7374:M 11 Mar 2024 20:23:07.021 * Replica 10.189.218.57:6379 asks for synchronization
7374:M 11 Mar 2024 20:23:07.021 * Partial resynchronization not accepted: Replication ID mismatch (Replica asked for '80045b7119cf27cbccd862b289454991e510d06a', my replication IDs are '0ad286f834af5afcf9993e5ef33d2d598bca71c0' and '1fff1f7efea80cc7dd510fa65f50059a9be5cc0e')
7374:M 11 Mar 2024 20:23:07.021 * Starting BGSAVE for SYNC with target: disk
7374:M 11 Mar 2024 20:23:07.021 * Background saving started by pid 15617
15617:C 11 Mar 2024 20:23:07.075 * DB saved on disk
15617:C 11 Mar 2024 20:23:07.075 * RDB: 0 MB of memory used by copy-on-write
7374:M 11 Mar 2024 20:23:07.089 * Background saving terminated with success
7374:M 11 Mar 2024 20:23:07.094 * Synchronization with replica 10.189.218.57:6379 succeeded
7374:M 12 Mar 2024 01:54:03.150 # Connection with replica 10.189.218.57:6379 lost.

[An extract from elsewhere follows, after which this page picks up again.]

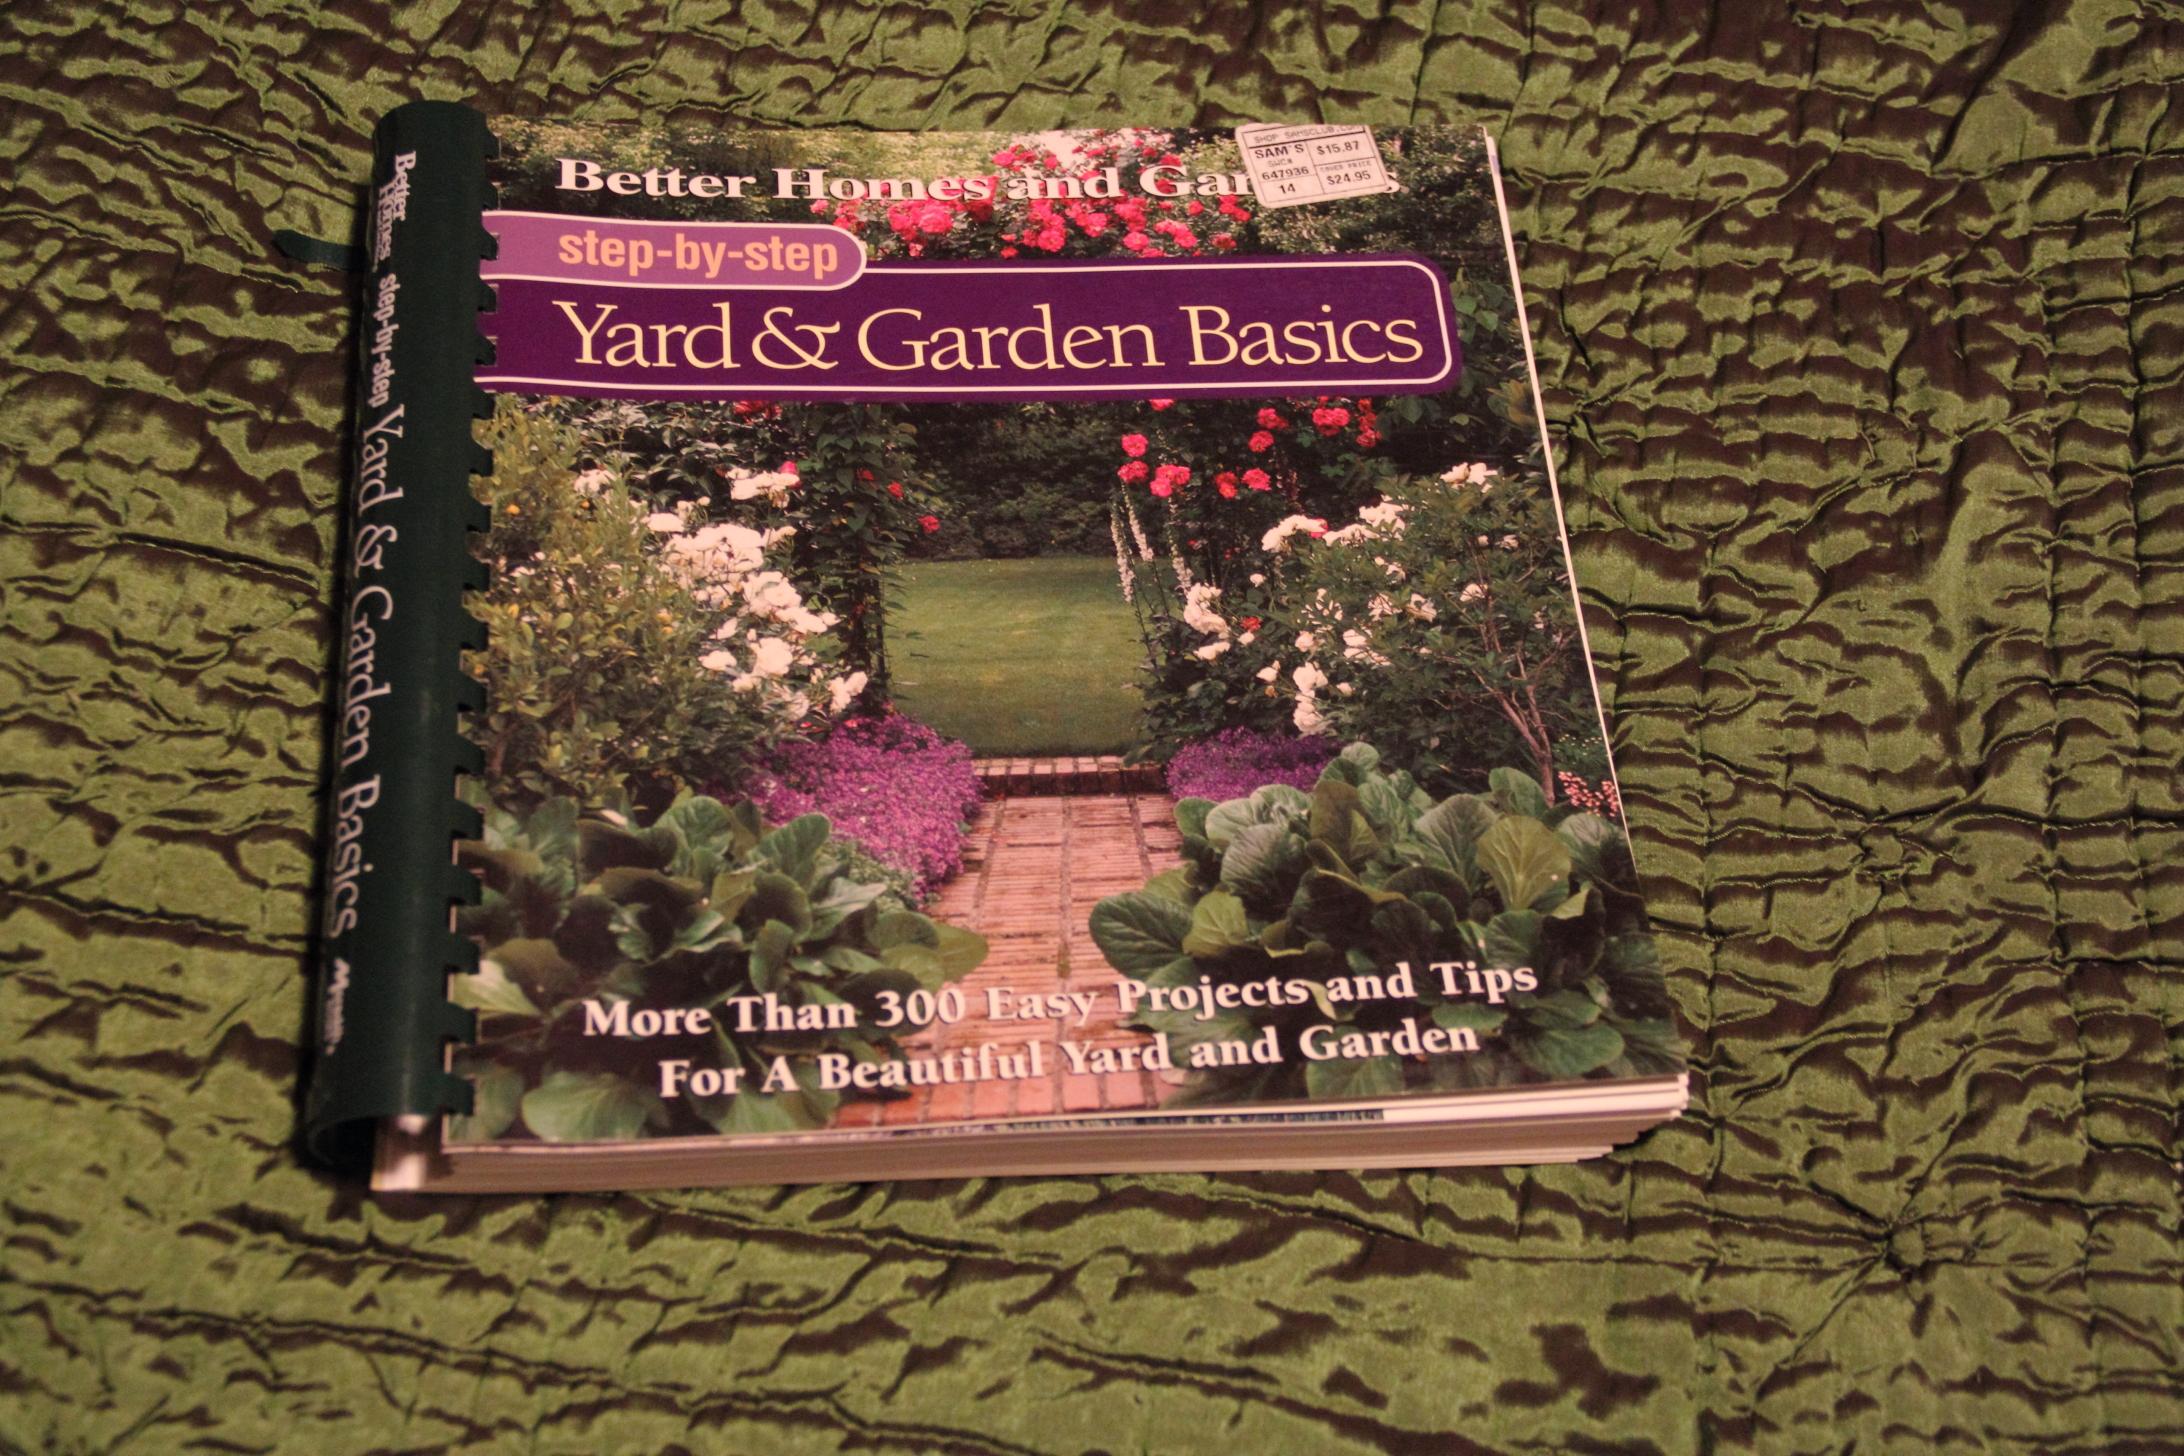 Loanables:Yard & Garden Basics Book located in Traverse City, MI

7374:M 12 Mar 2024 01:54:18.990 * FAIL message received from 347fa1bb663ffbea93e3f8156100b711b41280ad about e603c0750438adfda5dd2700a4db3c2b33ea250b
7374:M 12 Mar 2024 01:59:53.866 * Replica 10.189.218.57:6379 asks for synchronization
7374:M 12 Mar 2024 01:59:53.866 * Partial resynchronization not accepted: Replication ID mismatch (Replica asked for 'aa7b34da5c55a894474305a21f65cbb3cc9ea15f', my replication IDs are '0ad286f834af5afcf9993e5ef33d2d598bca71c0' and '1fff1f7efea80cc7dd510fa65f50059a9be5cc0e')

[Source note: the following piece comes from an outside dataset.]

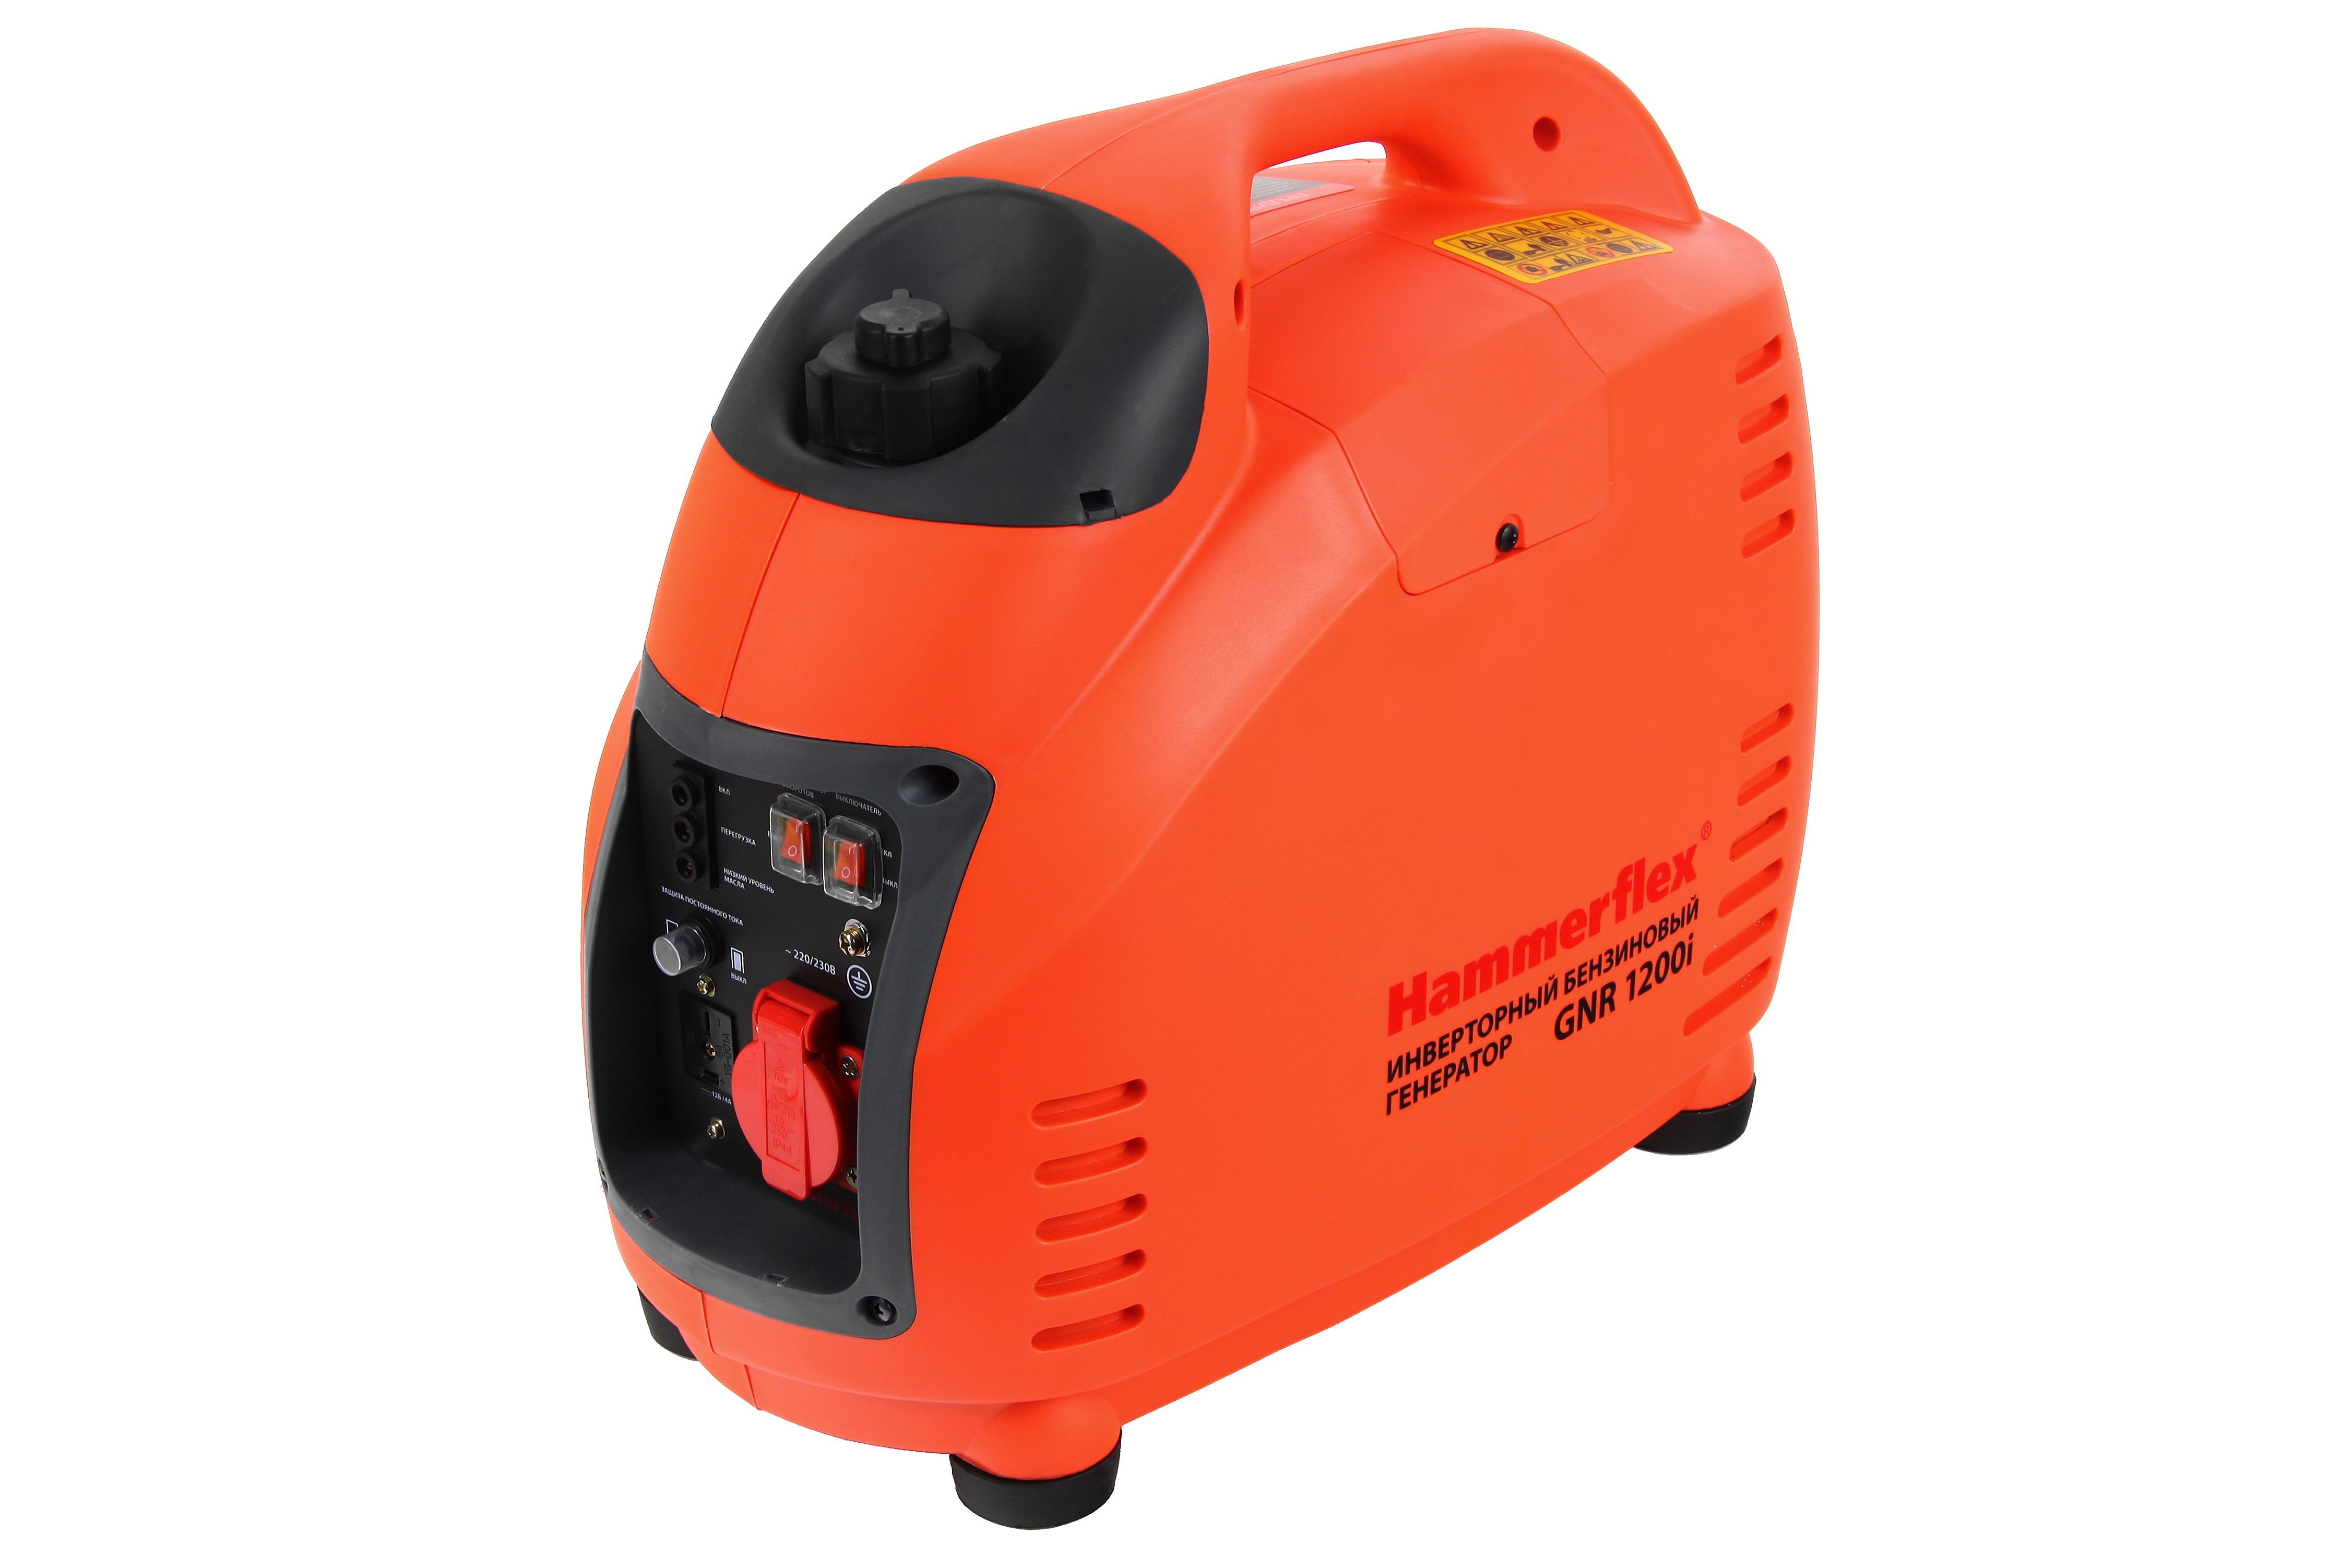 Инверторный генератор Hammer Gnr1200i

7374:M 12 Mar 2024 01:59:53.866 * Starting BGSAVE for SYNC with target: disk
7374:M 12 Mar 2024 01:59:53.867 * Background saving started by pid 604
604:C 12 Mar 2024 01:59:53.961 * DB saved on disk
604:C 12 Mar 2024 01:59:53.962 * RDB: 1 MB of memory used by copy-on-write
7374:M 12 Mar 2024 01:59:54.047 * Background saving terminated with success
7374:M 12 Mar 2024 01:59:54.056 * Synchronization with replica 10.189.218.57:6379 succeeded
To reproduce
- Setup a Redis cluster with version of 5.0.4.

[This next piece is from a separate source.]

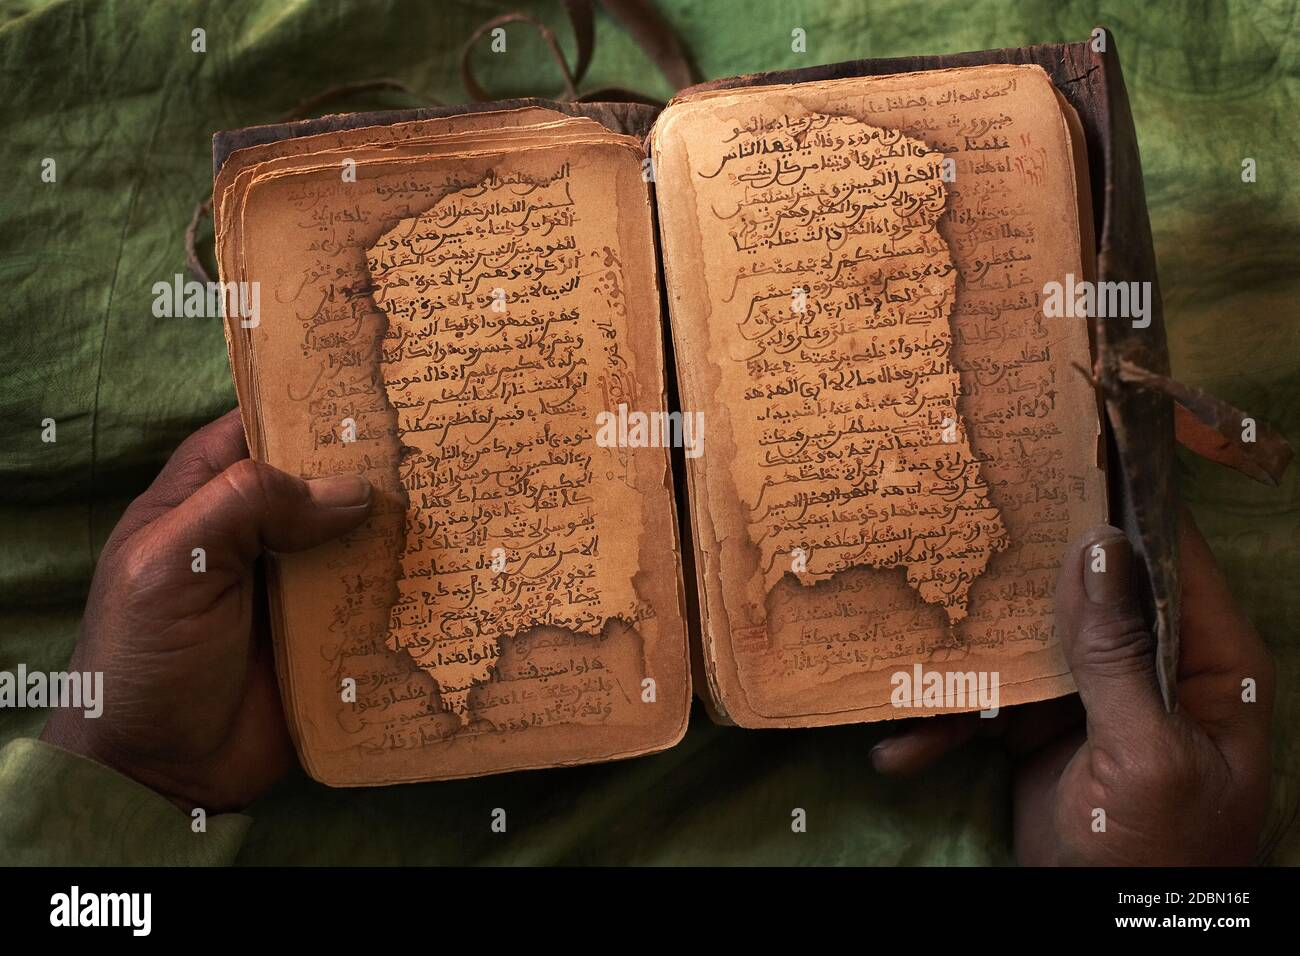 Bularaf holding a Islamic Medical Manuscript  from 16th century. Stock Photo

- Upgrade one replica to version 7.2.4
Expected behavior
The replica_1 which has got upgraded to 7.2.4 should be setup a successful connection to master(with 5.0.4) and not running into Cluster status fail.
Additional information
It should be the compatibility issue of Redis upgrade.